As illustrated, rendering isn't mystical. Understanding the rules allows replication of professional application outputs.
As an additional insight, we exported the world space position of the point on the triangle each image pixel overlaps, displaying all points in a 3D viewer. Unsurprisingly, points appear only on object parts directly visible to the camera, affirming the effectiveness of the depth-buffer technique. The second image provides a close-up of the same point set (right).
Conclusion
Rasterization's main advantages are its simplicity and speed, albeit primarily useful for addressing visibility issues. Remember, rendering involves two steps: visibility and shading. This algorithm offers no shading solutions.

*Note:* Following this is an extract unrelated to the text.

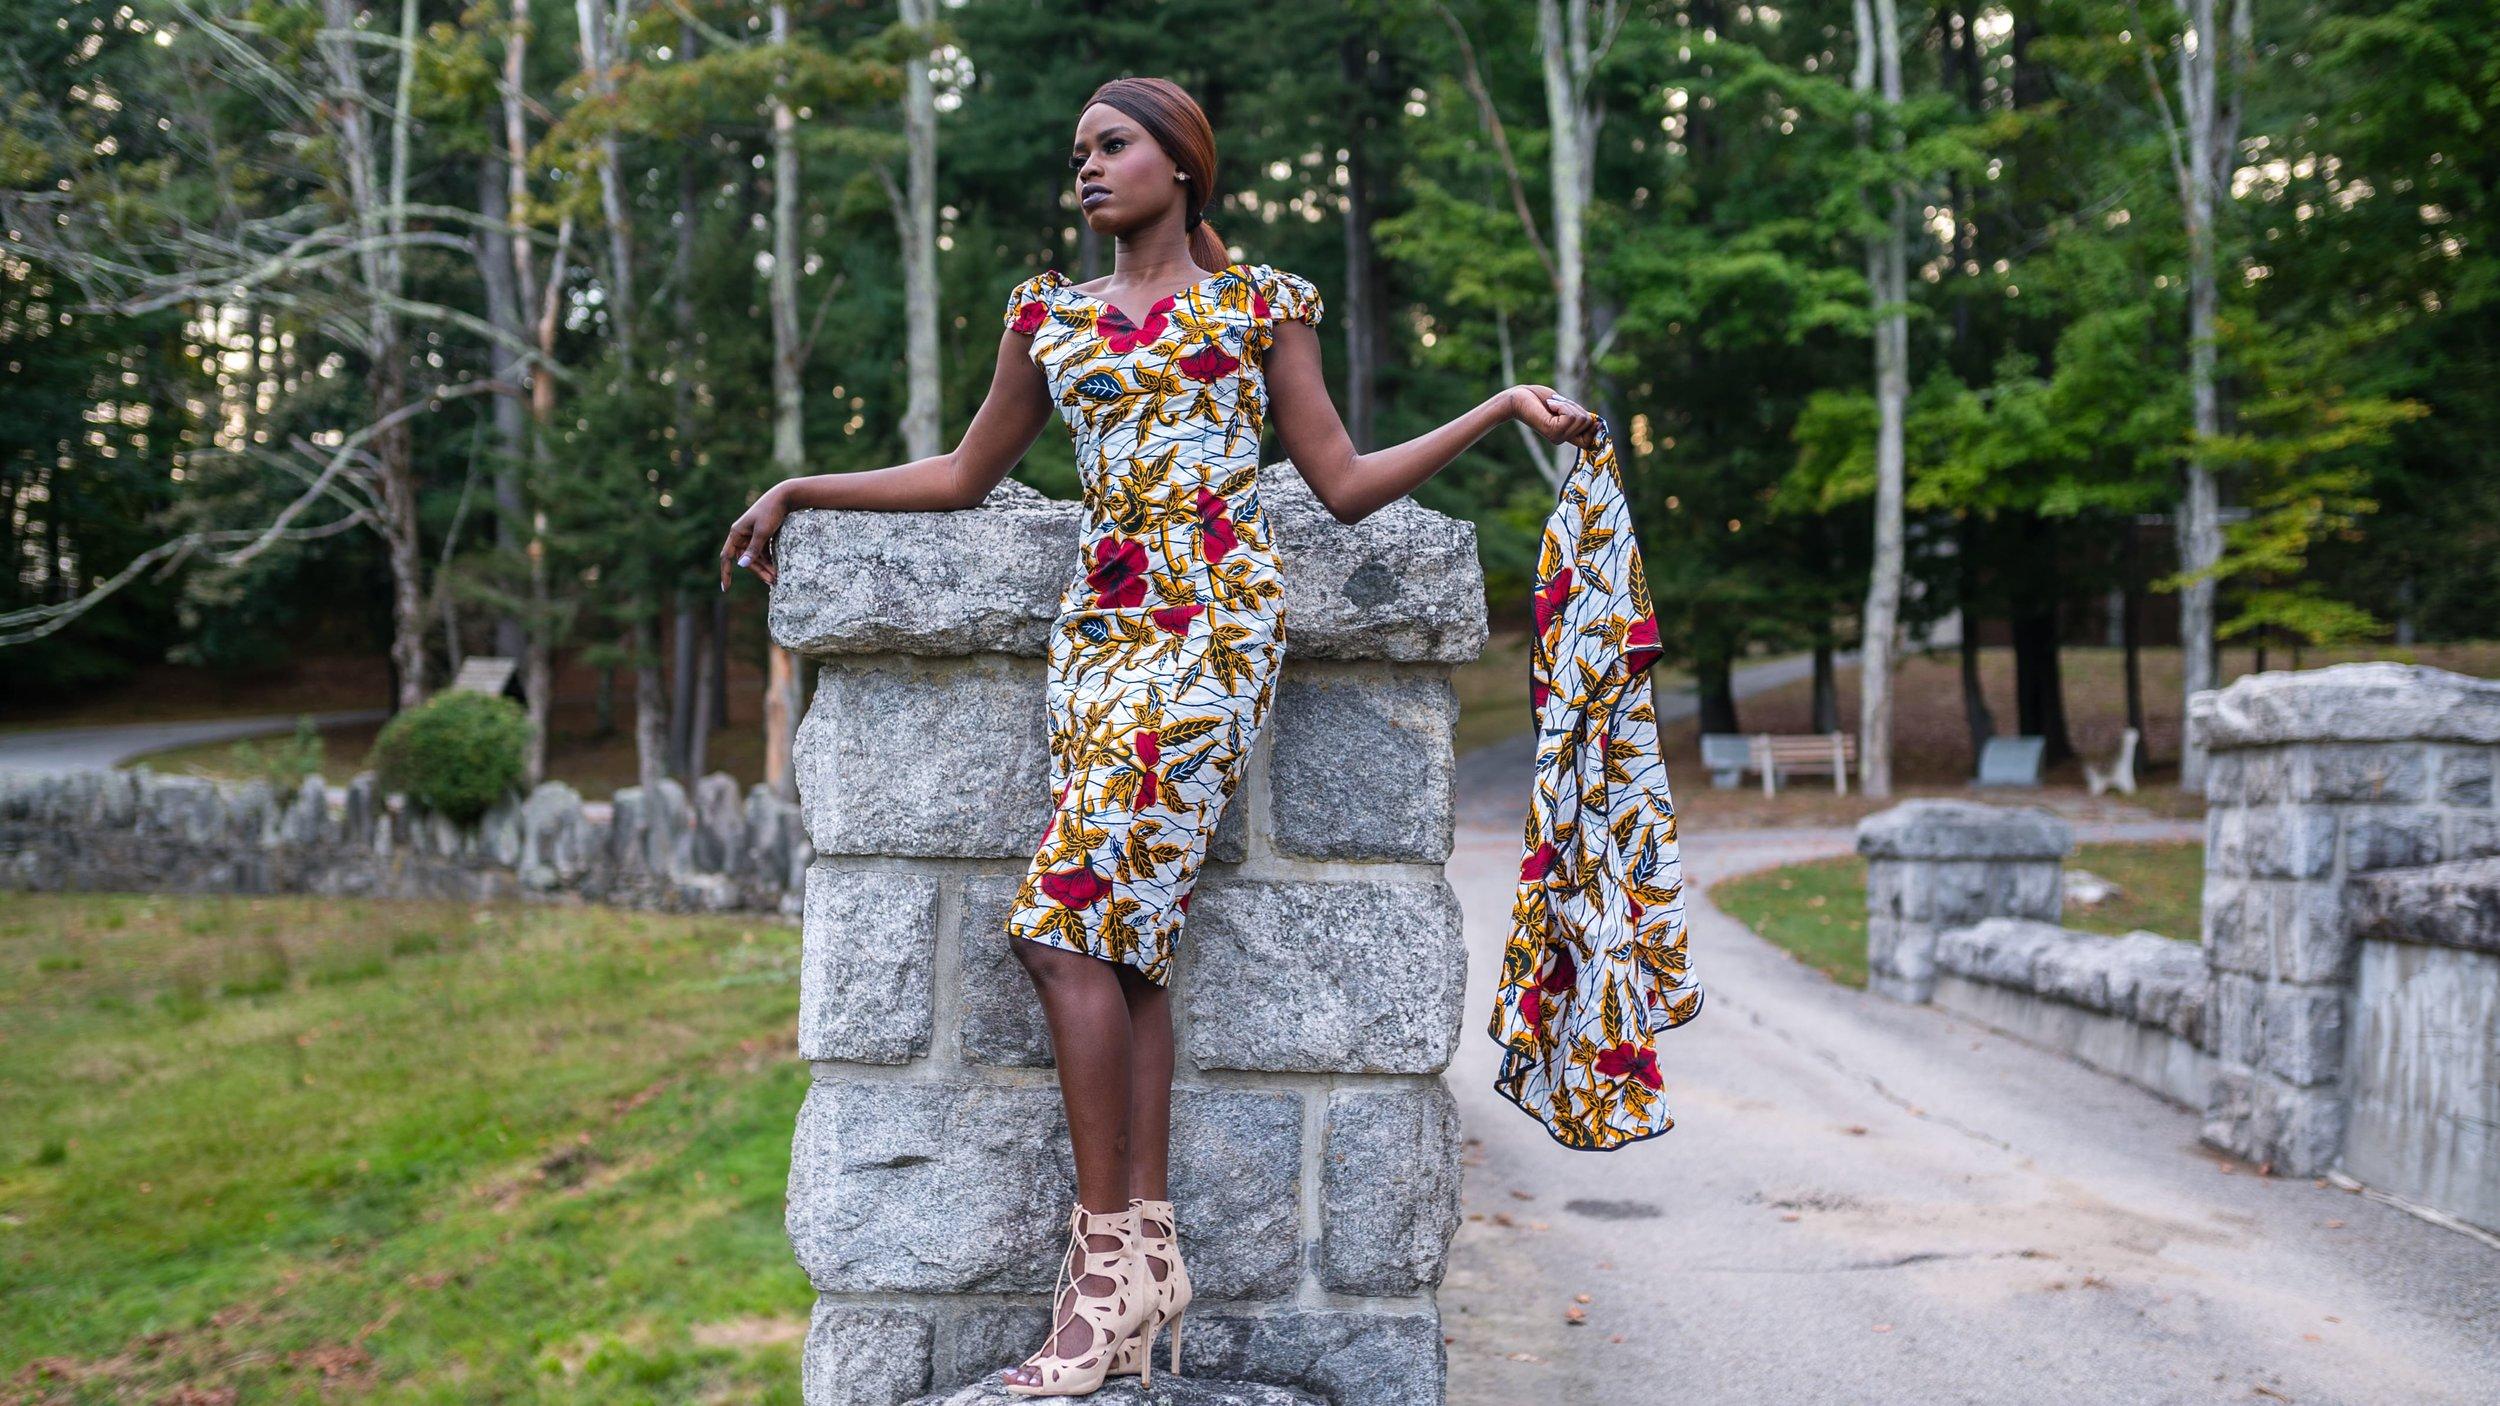 VinnyMwano_Fashion Editorial 6-min.jpg
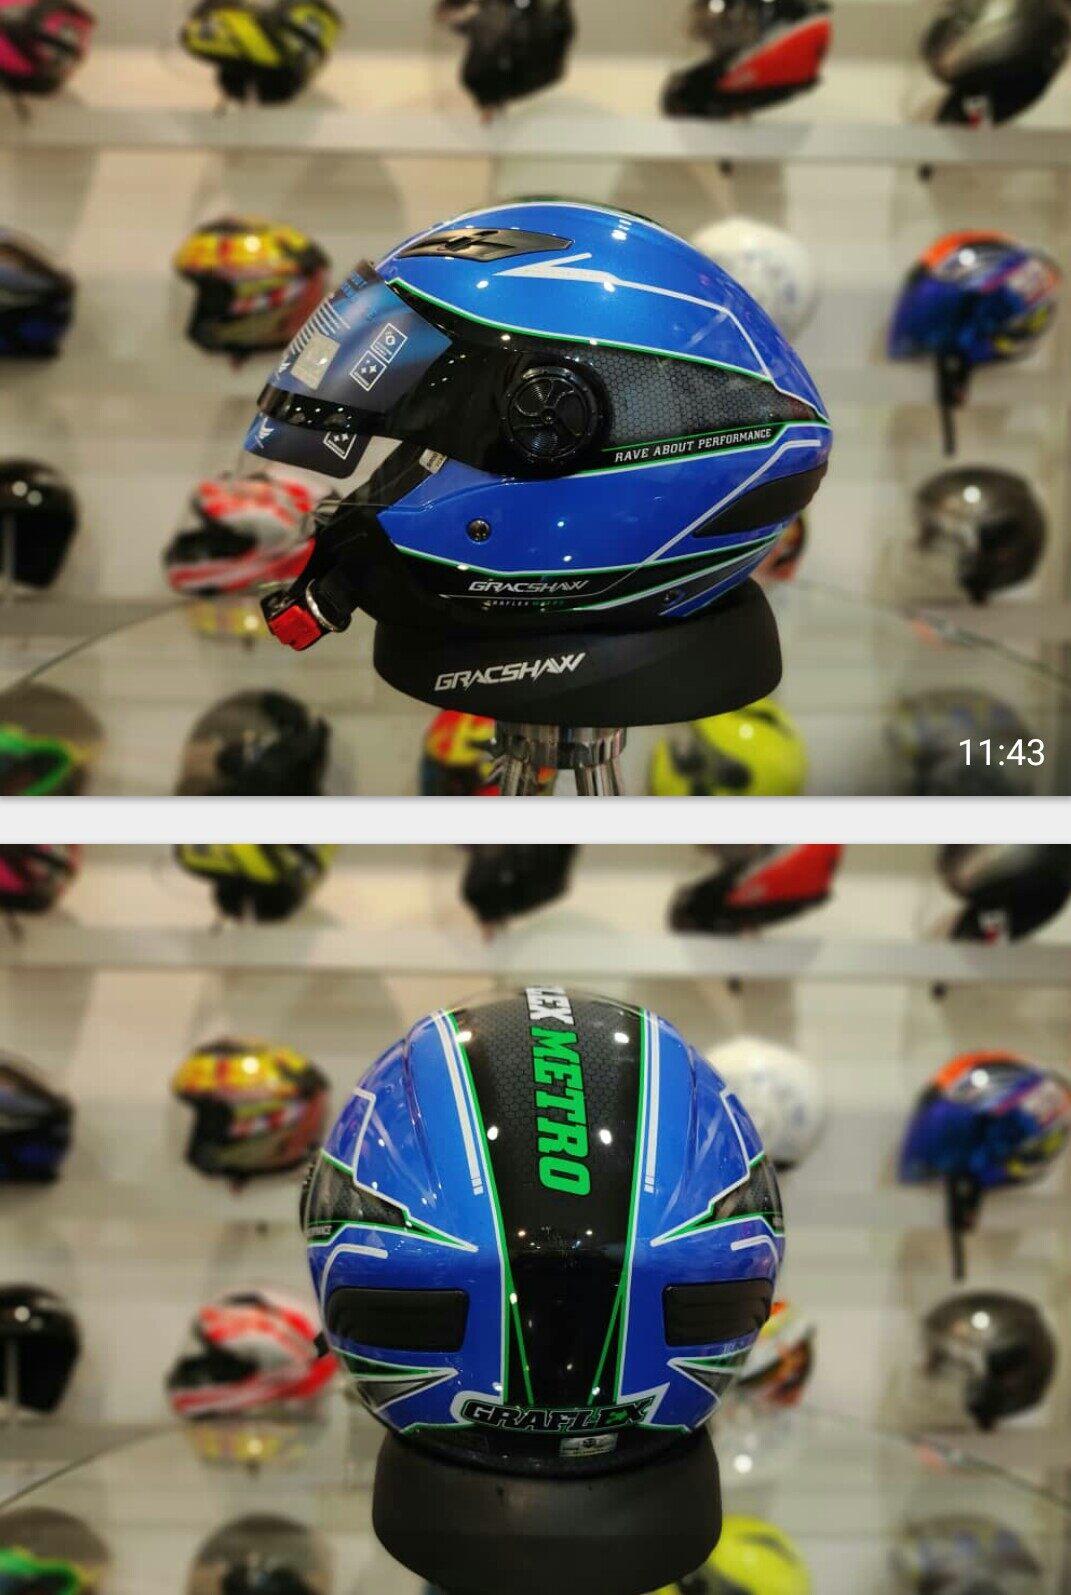 Gracshaw G666 Graflex Metro Double Visor Helmet

This lesson aims to provide an in-depth introduction to rasterization. If you found this content enlightening and educational, consider supporting our work.
Exercises
-
Implement anti-aliasing by dividing the pixel into 4 sub-pixels, generating a sample in the middle of each, conducting the coverage test for each sample, summing the color of the samples, dividing by 4, and setting the pixel color to the result. An implementation of this technique can be found in the lesson on Texturing.
-
Implement back-face culling by not rendering triangles if the dot product between their normal and the view direction is below a certain threshold. This uses the principle that vectors pointing in opposite directions have a negative dot product. The dot product between two vectors is the cosine of the angle between them. Express the threshold as an angle in degrees.
-
Output the content of the z-buffer to a PPM file, remapping depth buffer values to the range [0,255].
Reference
-
"A Parallel Algorithm for Polygon Rasterization" by Juan Pineda, Siggraph 1988.
-
"A Subdivision Algorithm for Computer Display of Curved Surfaces" by Edwin Earl Catmull, Thesis 1974.
-
"Fundamentals of Texture Mapping and Image Warping" by Paul S. Heckbert, Thesis 1989.
-
"The A-buffer, an Antialiased Hidden Surface Method", by Loren Carpenter, 1984.